Limitations: The primary limitation of this study is the small sample size. Larger samples should be used for replication of the observations. Also, a limitation of any post-mortem study is the cross-sectional analysis, therefore causes and consequence cannot be discerned. The relationship between neurogenesis and clinical improvement of MDD cannot be studied postmortem and, at the moment, there are no feasible methods to assess human adult neurogenesis in vivo. Furthermore, the fact that antidepressants exposure is associated with evidence of more neurogenesis does not mean it is the mechanism of antidepressant action.

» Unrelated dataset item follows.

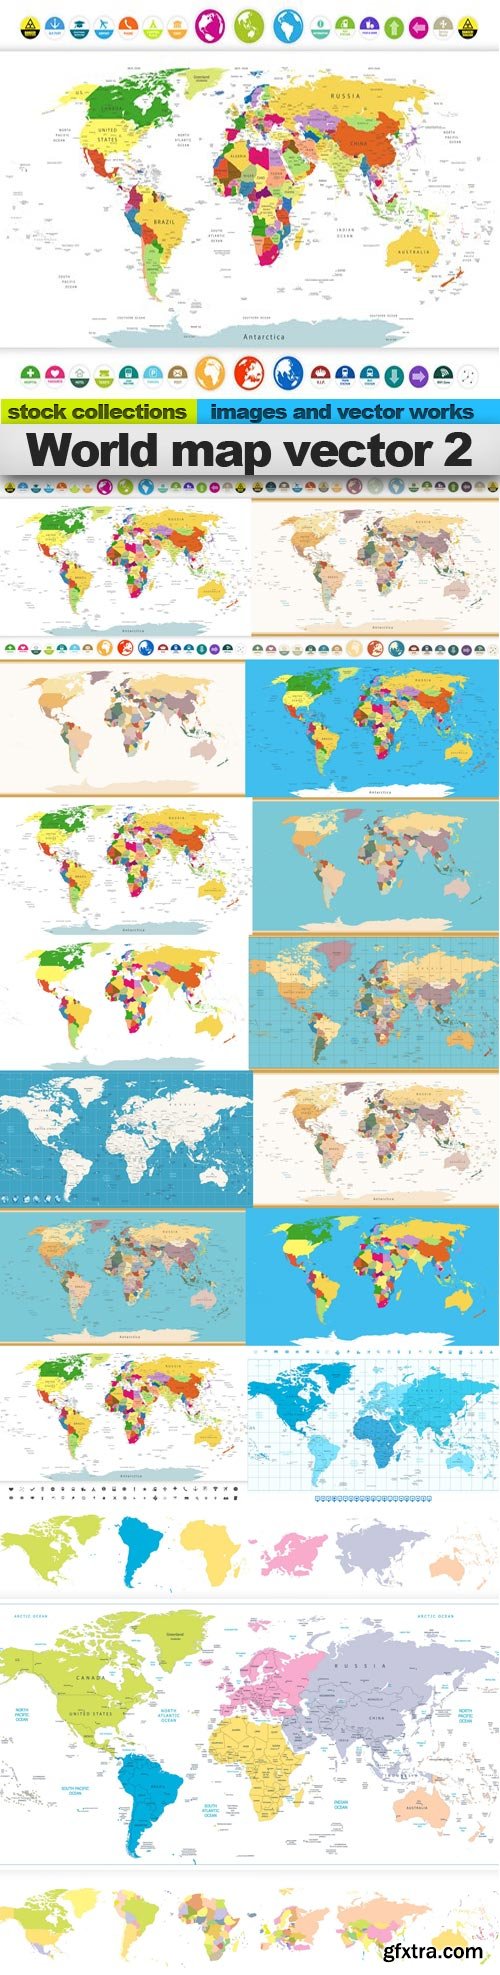 World map vector 2, 15 x EPS

Conclusions: The study showed that non-psychiatric controls with childhood adversity had a greater number of mature neurons compared to subjects with major depressive disorder and history of childhood adversity. For subjects with history of childhood adversity, the decrease in mature neurons is associated with vulnerability to develop major depressive disorder (MDD), whereas an increase in mature neurons is associated with resilience to MDD. Furthermore, in subjects with treated MDDs, early life traumas counteract the antidepressants response, showing a reduced hippocampal volume compared to treated MDD subjects without adversity.